How to complete this task ▸ Reproduce only this range: the line holding "BatterySlot_Body_19.6mm.stl Download free" through the last line of the data below, both included, exactly, with no pictures.

Data excerpt ▸
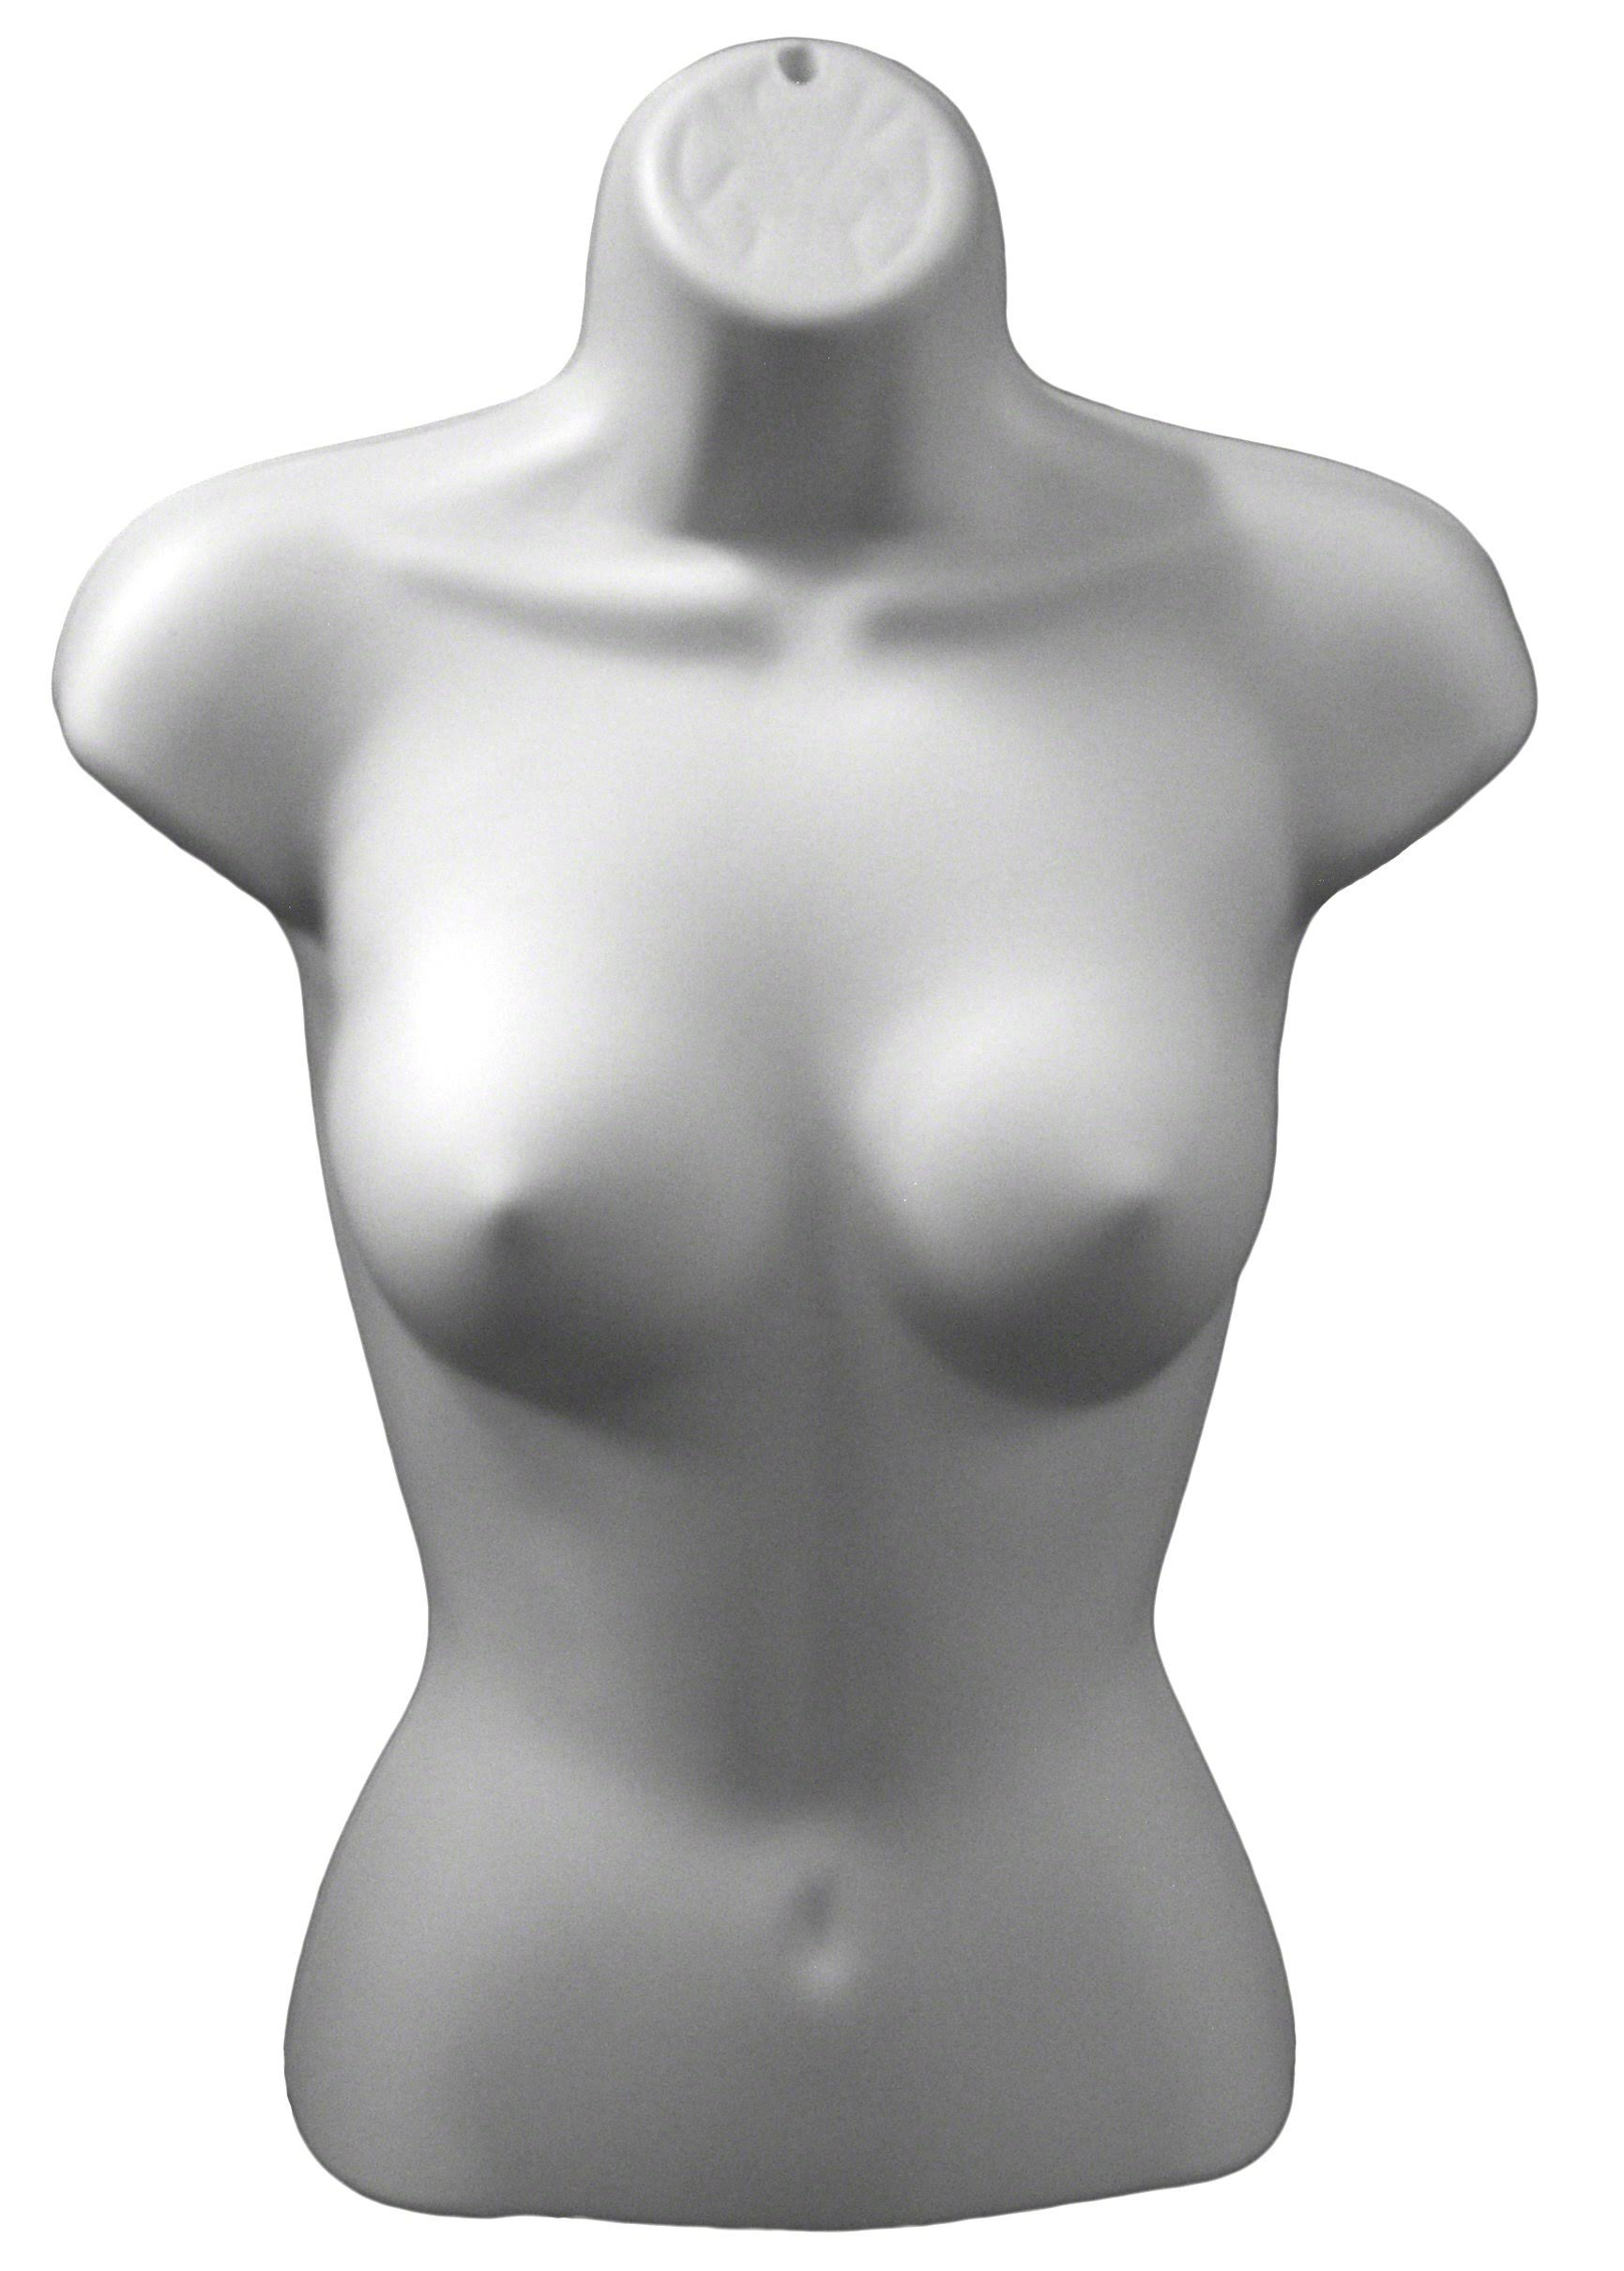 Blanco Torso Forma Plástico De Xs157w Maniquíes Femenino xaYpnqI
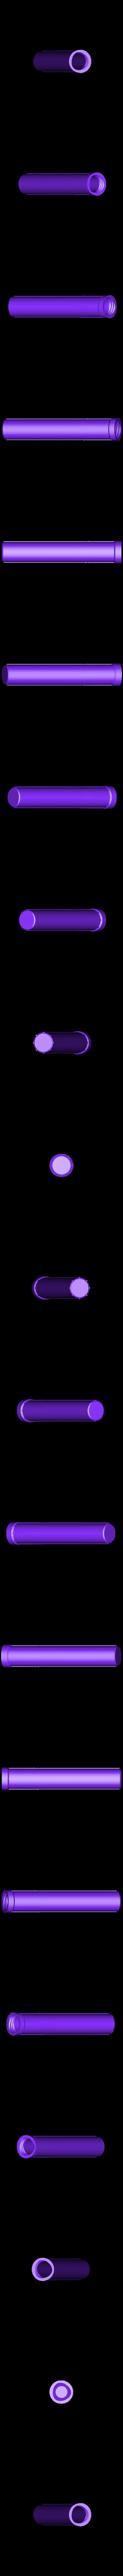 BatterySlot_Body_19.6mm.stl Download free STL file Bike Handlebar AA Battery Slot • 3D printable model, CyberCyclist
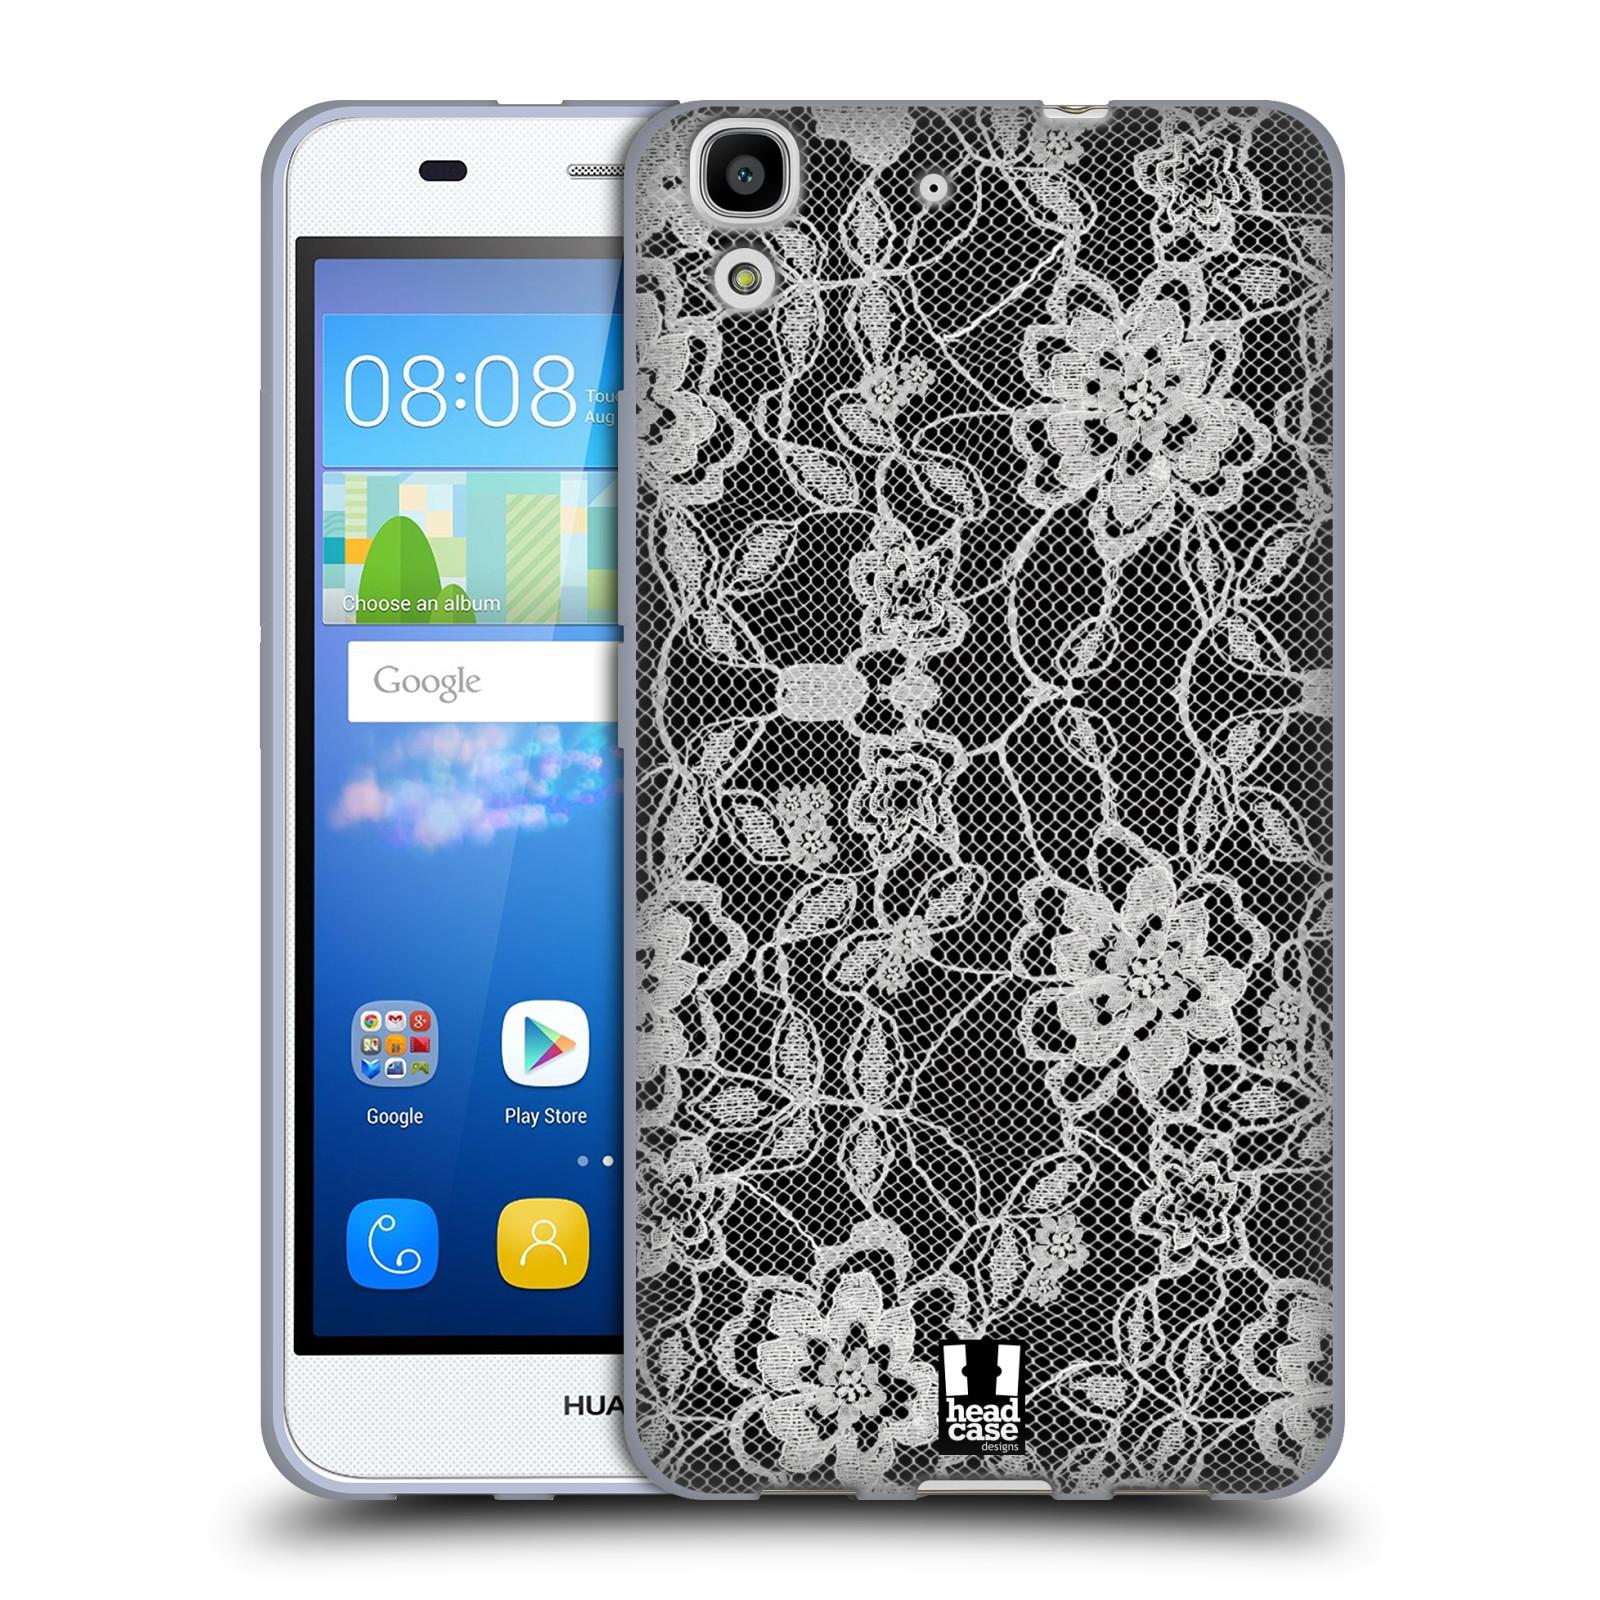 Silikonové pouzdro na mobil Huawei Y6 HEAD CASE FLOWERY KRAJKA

Finished task ▸
 BatterySlot_Body_19.6mm.stl Download free STL file Bike Handlebar AA Battery Slot • 3D printable model, CyberCyclist
 Silikonové pouzdro na mobil Huawei Y6 HEAD CASE FLOWERY KRAJKA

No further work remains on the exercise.